Write the cross-entropy gradient at one output position, and read off its magnitude when p = 0.9. FRI-2.2

$\partial\mathcal{L}/\partial z_i = p_i - \mathbb{1}[i = y]$ (“predicted − target”). For the correct token at $p = 0.9$ , the magnitude is $|0.9 - 1| = 0.1$ — a gentle nudge; a wrong-and-confident token ( $p=0.1$ ) gets $0.9$ .

Why does loss masking matter, and roughly how much of an instruction example is prompt? FRI-2.2

Masking the prompt focuses every gradient update on generating the completion — the model already receives the prompt as input, so training it to reproduce the prompt wastes capacity. For instruction data the prompt is often ~80% of the sequence, so unmasked training misallocates ~80% of updates.

Map four loss-curve symptoms to their fixes. FRI-2.3

NaN → LR too high, cut ~10×. Flat from step 0 → LR too low / data bug. Train ↓ but val ↑ → overfitting (fewer epochs, more data). Oscillating → LR too high or batch too small.

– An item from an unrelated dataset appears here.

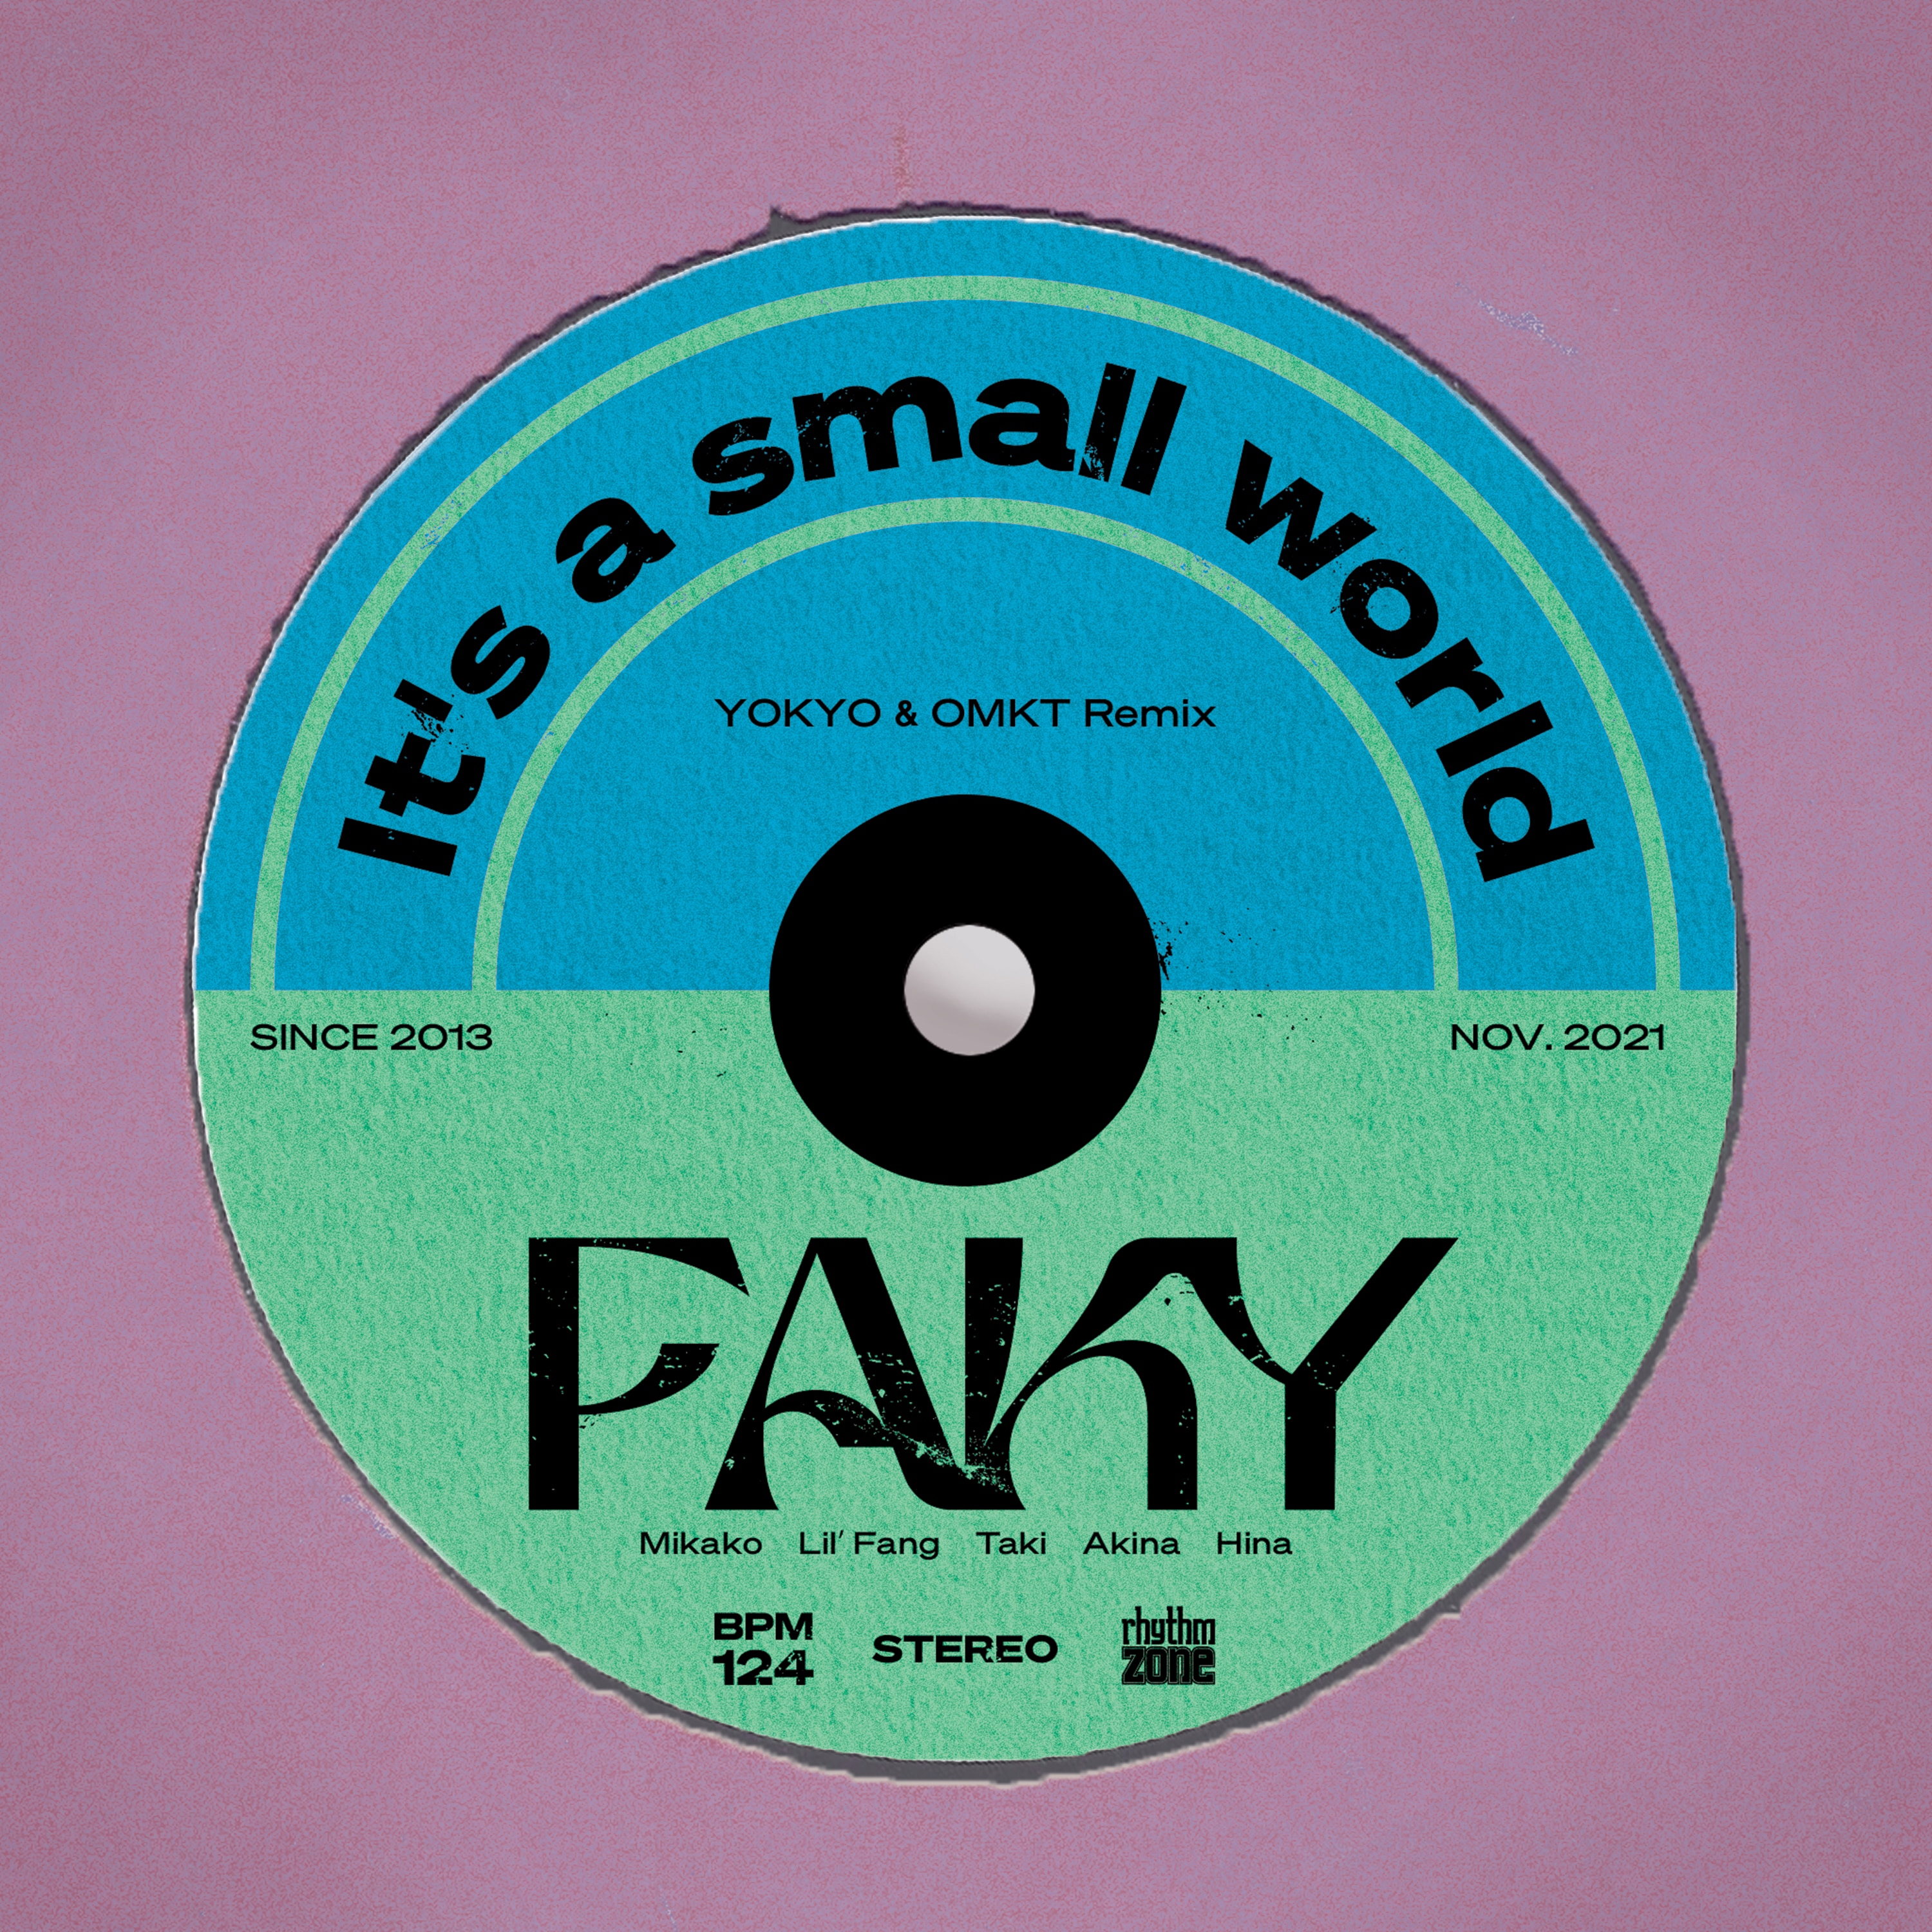 It’s a small world (YOKYO & OMKT Remix)

State the LoRA forward pass; explain why the alpha/r ratio (not alpha alone) is the knob. FRI-2.4

$h = Wx + \frac{\alpha}{r}BAx$ . The ratio $\alpha/r$ scales the update, so raising $r$ without rescaling $\alpha$ silently halves the effective adaptation — the more expressive adapter can end up adapting less.

Summary

Supervised fine-tuning is stable imitation, and its quality is set long before training: by data curation, dedup, and honest splits. The objective is cross-entropy, whose gradient ( $p - \mathbb{1}[i=y]$ ) self-scales with error; loss masking and teacher forcing make it both focused and fast. The learning rate dominates the hyperparameters, and the loss curve diagnoses most failures. LoRA exploits the low-rank structure of fine-tuning updates to cut trainable parameters ~1000× — the practitioner’s default — with QLoRA pushing it onto a single consumer GPU. Chapter 2b turns to RL: reward models, RLHF, and the PPO → GRPO line.